I want to meditate on some of the most useful perl-isms that, while easy, are oft misunderstood for beginners. I say that, and am possibly projecting, since when I was a beginner, I had not grokked them and had misused them. I also want to give kudos to the comments below as they have greatly helped refine this posting.
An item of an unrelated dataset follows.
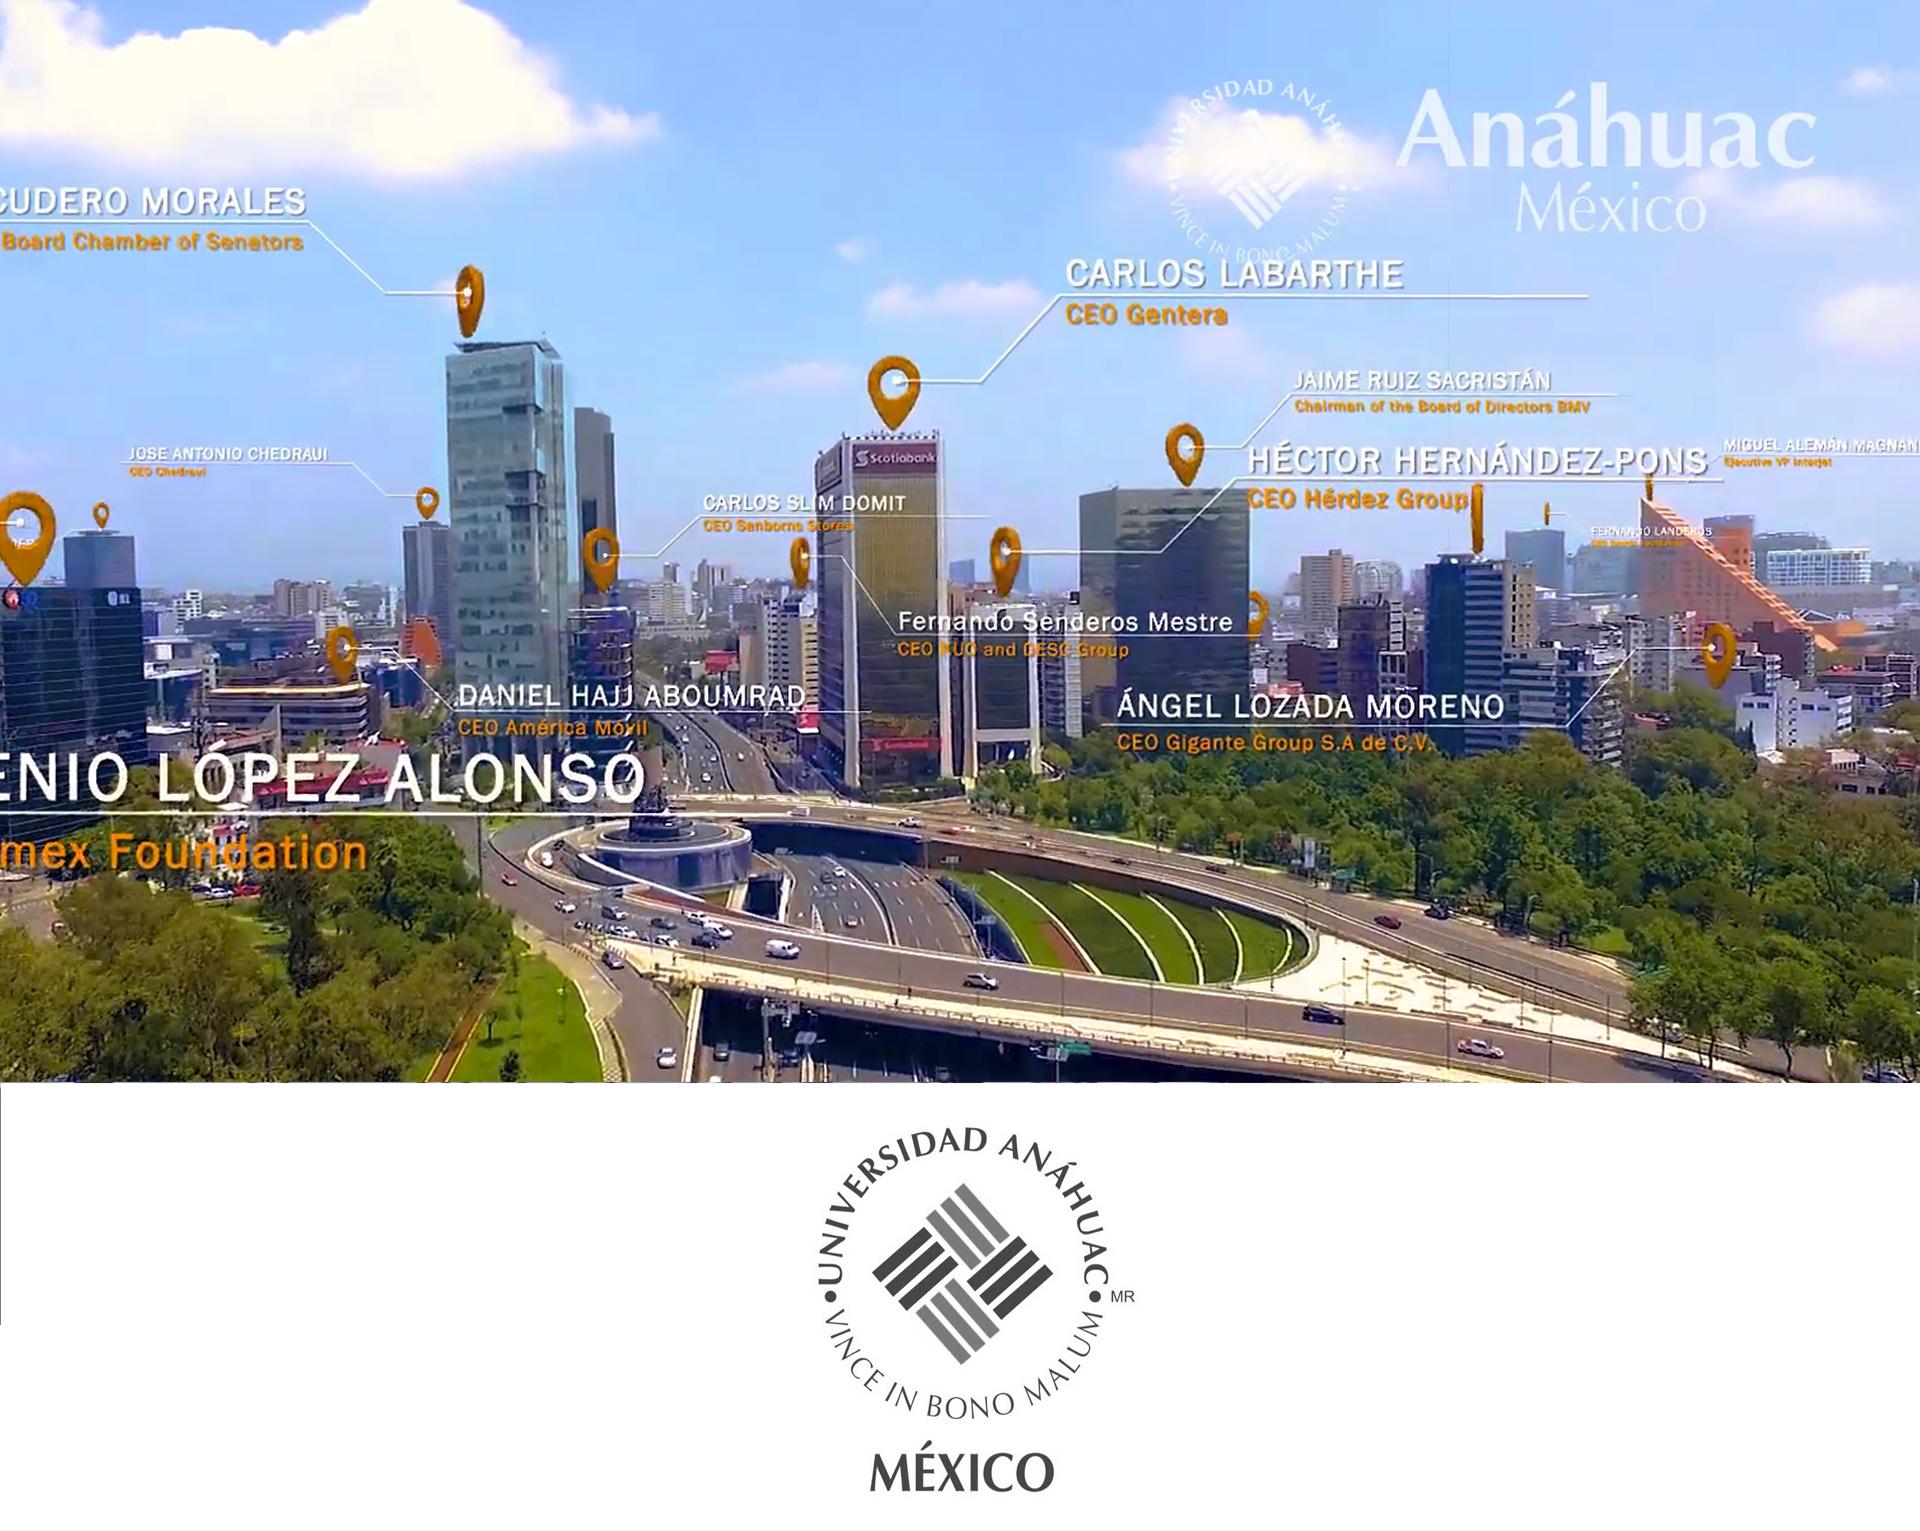 AnahuacMéxico.jpg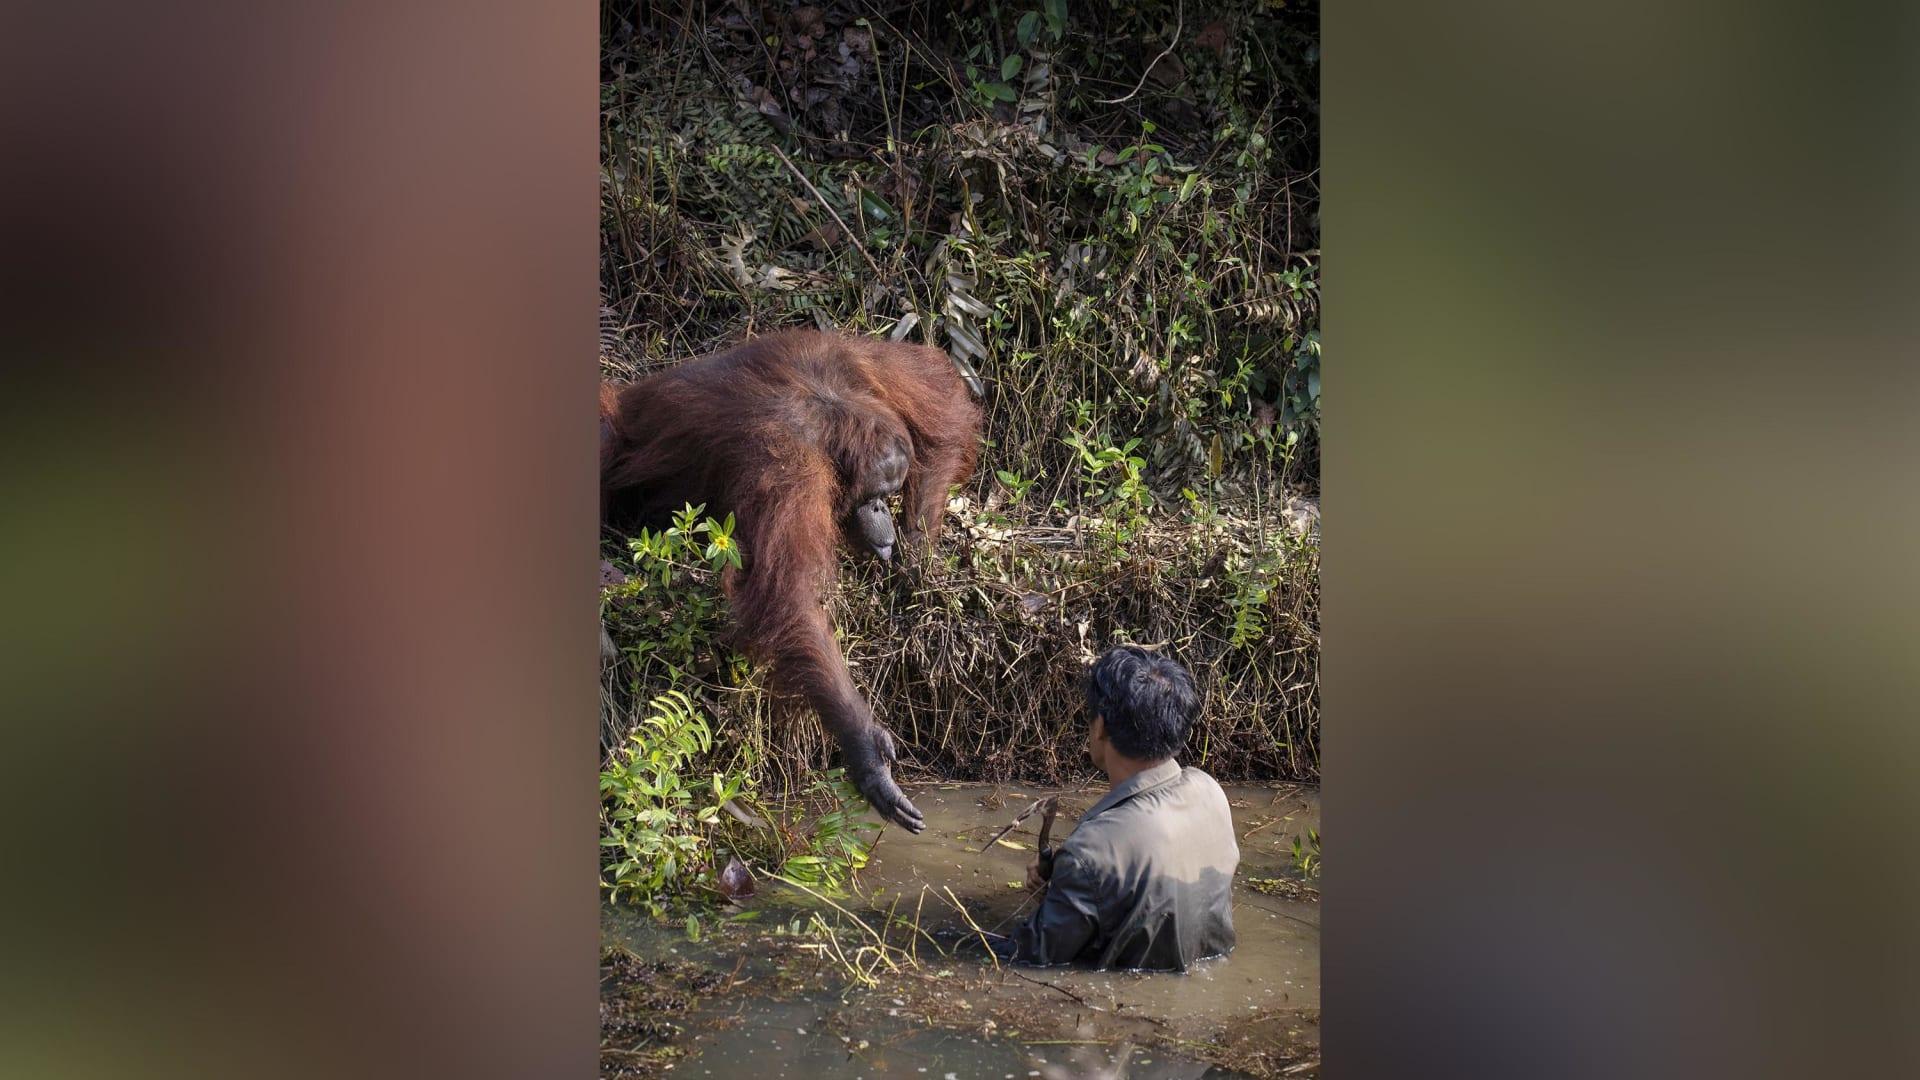 قرد إنسان الغاب يمد يده لمساعدة رجل يخوض في مياه مليئة بالثعابين

Map, Grep and Sort are not the same thing, but are often used together. Flowing from right to left, they act like shell pipelining in reverse. They build something new, like a tiny little factory. While the original data structure is untouched, it should feel like a list is being transformed every step of the way.
Grep
I will start with grep as it is easier to understand. It is a filter in the purest sense. From the right, grep receives a list of things, one thing at a time, and either passes those things to the left or does not based on its logic. It's usage is
grep { filtering-block } @input_list
What is the filtering block? It is called for each item in the input list. If it returns a true value, that list element is passed to the left. If it returns a false value, the list element is not passed to the left. Inside the filtering block, the list element being examined is aliased to the variable $_. On the right, I see the input list. To the left is passed the filtered list.
my @caps = grep { $_ =~ /^[A-Z]/ } qw( This is for Edna );
Since the magic variable is implied, the above may be shortened to
my @caps = grep { /^[A-Z]/ } qw( This is for Edna );
Pipelining
It is common for grep and map to be chained together in a pipeline. Each part of the pipeline gets a list from the right and hands off a list to the left.
The following snippet finds all words that start with a capitalized vowel. The first filter finds all words that start with a vowel and passes them to the left. It passes is and
Edna to the left. The second filter then only passes Edna to the left.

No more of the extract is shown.